INTRODUCTION TO BOOK VII

At first sight there appears to be some question as to the genuineness of this Seventh Book. But on examination it becomes practically certain that the great bulk of the Book was written by St. Optatus several years after he had closed his original work with the striking metaphor on bird-catching to be found at the end of Book VI. Some slight doubt still remains concerning two passages in the first chapter, and one paragraph in the second chapter. But these are almost certainly (were it not for the opinion of Ziwsa, to which we shall shortly allude, we should write quite certainly) spurious. Accordingly----in this following the example of Du Pin----we have separated them from the text, and marked them A, B, C.1

Du Pin indeed tells us in his Preface to his Edition of St. Optatus that until he had examined the MSS. he was inclined to reject all the Seventh Book as spurious, in consequence of the following considerations:

(I)  St. Optatus himself gives the argument of his work as a whole, and says that he had divided it into six Books.2 Moreover, St. Jerome writes expressly that St. Optatus wrote six Books against the Donatist calumnies.3

(II)  In his First Book St. Optatus terms the sins of Betrayal and Schism, duo mala pessima.4 In certain parts of the Seventh Book, on the contrary, all kinds of excuses----some of them very far-fetched----are made for the sin of Betrayal, and the writer endeavours to tone down its guilt by all the means at his command. |270 

(III) It seemed to Du Pin at first that there was a certain difference of style between the Seventh and the first six Books.

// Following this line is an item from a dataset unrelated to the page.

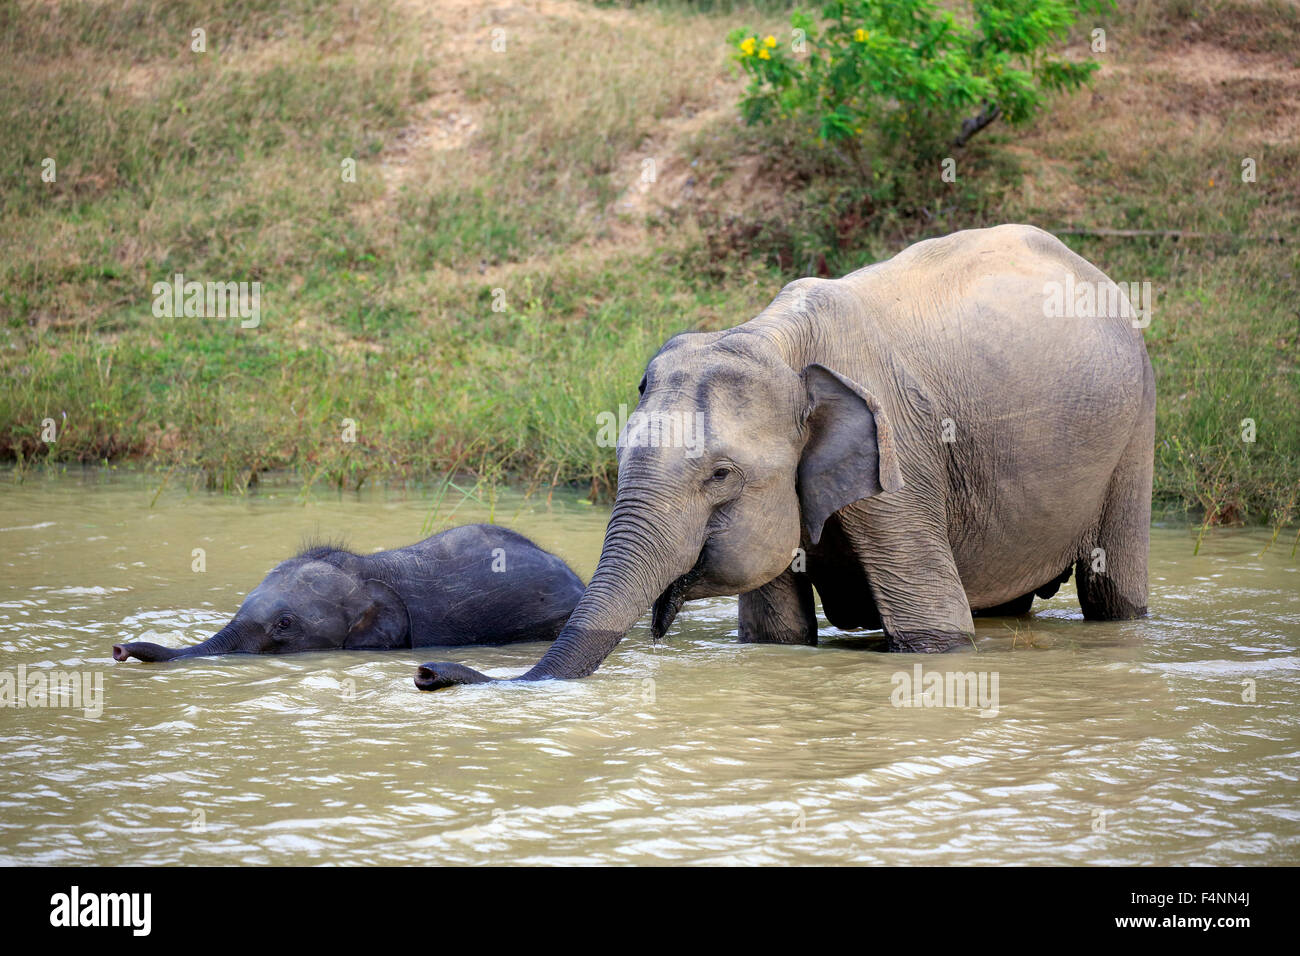 Sri Lankan elephant (Elephas maximus maximus), mother with calf in water, drinking, Yala National Park, Sri Lanka Stock Photo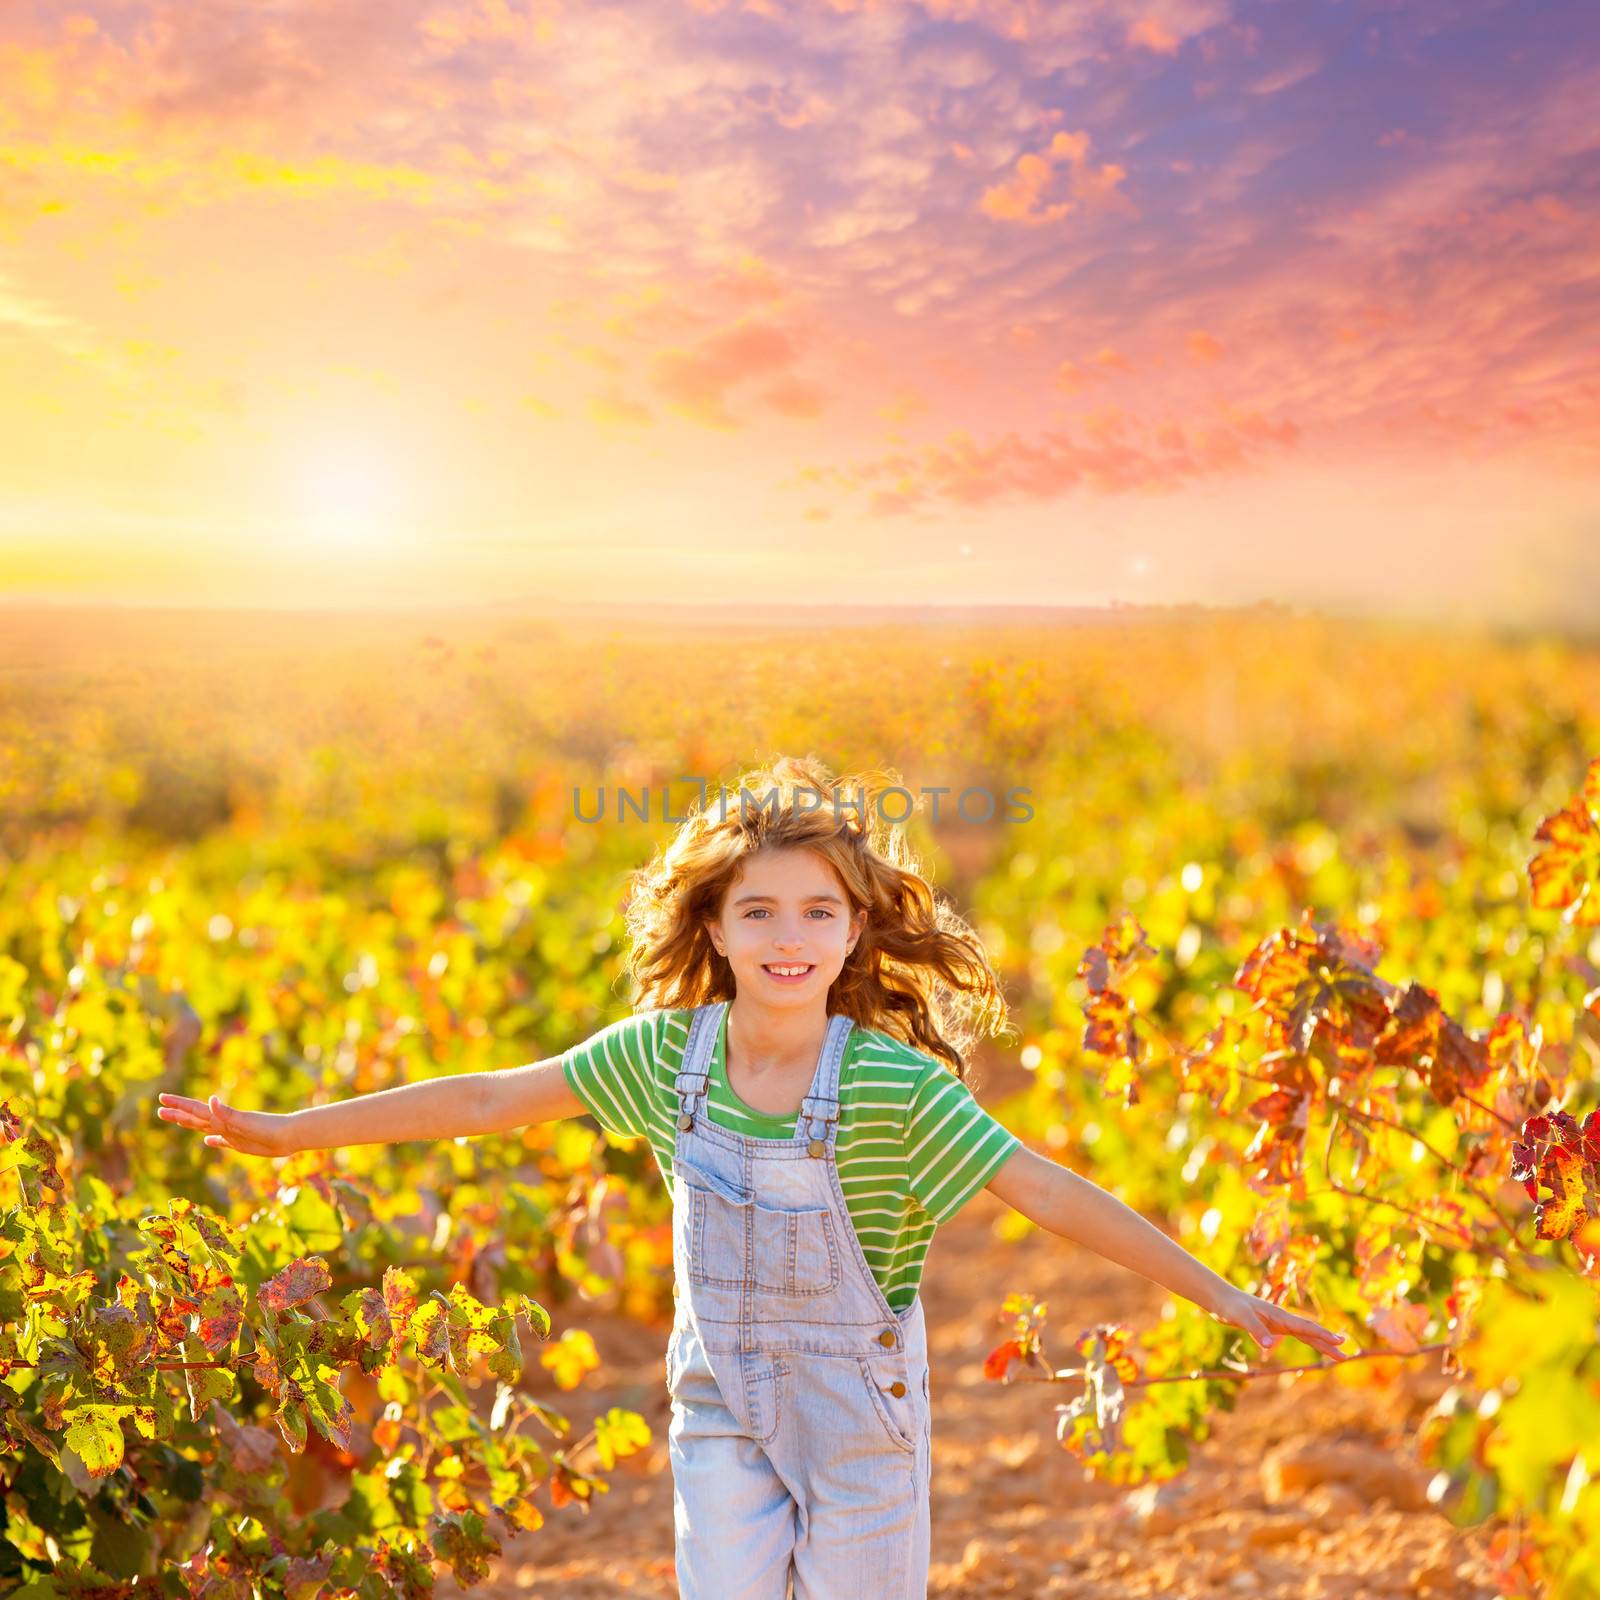 kid farmer girl running in vineyard field in autumn red leaves

But on discovering that the Seventh Book was found (without A, B, C) in all the manuscripts which he was able to consult, Du Pin was led to revise his opinion as to its genuineness.

The difficulty arising (I) from the fact that St. Optatus has himself mentioned his intention of writing six Books vanished upon further consideration, for (a) it is certain (as we have already stated 5) that Optatus made additions to his original work in the time of Pope Siricius, and further (b) in the opening words of Book VII its author himself distinctly states that this Book is an afterthought, due to the fact that the Donatists did not profess themselves satisfied by that which he had already written. With regard to (II) the change of tone concerning the sin of Betrayal----which had been Du Pin's chief difficulty ----it is only to be found in the passages marked A and B. These Du Pin unhesitatingly rejects (whilst, in the end, with no less hesitation accepting the rest of the Book) as the work of a Donatist interpolator, referring to them in his Index as pseudo-Optatus.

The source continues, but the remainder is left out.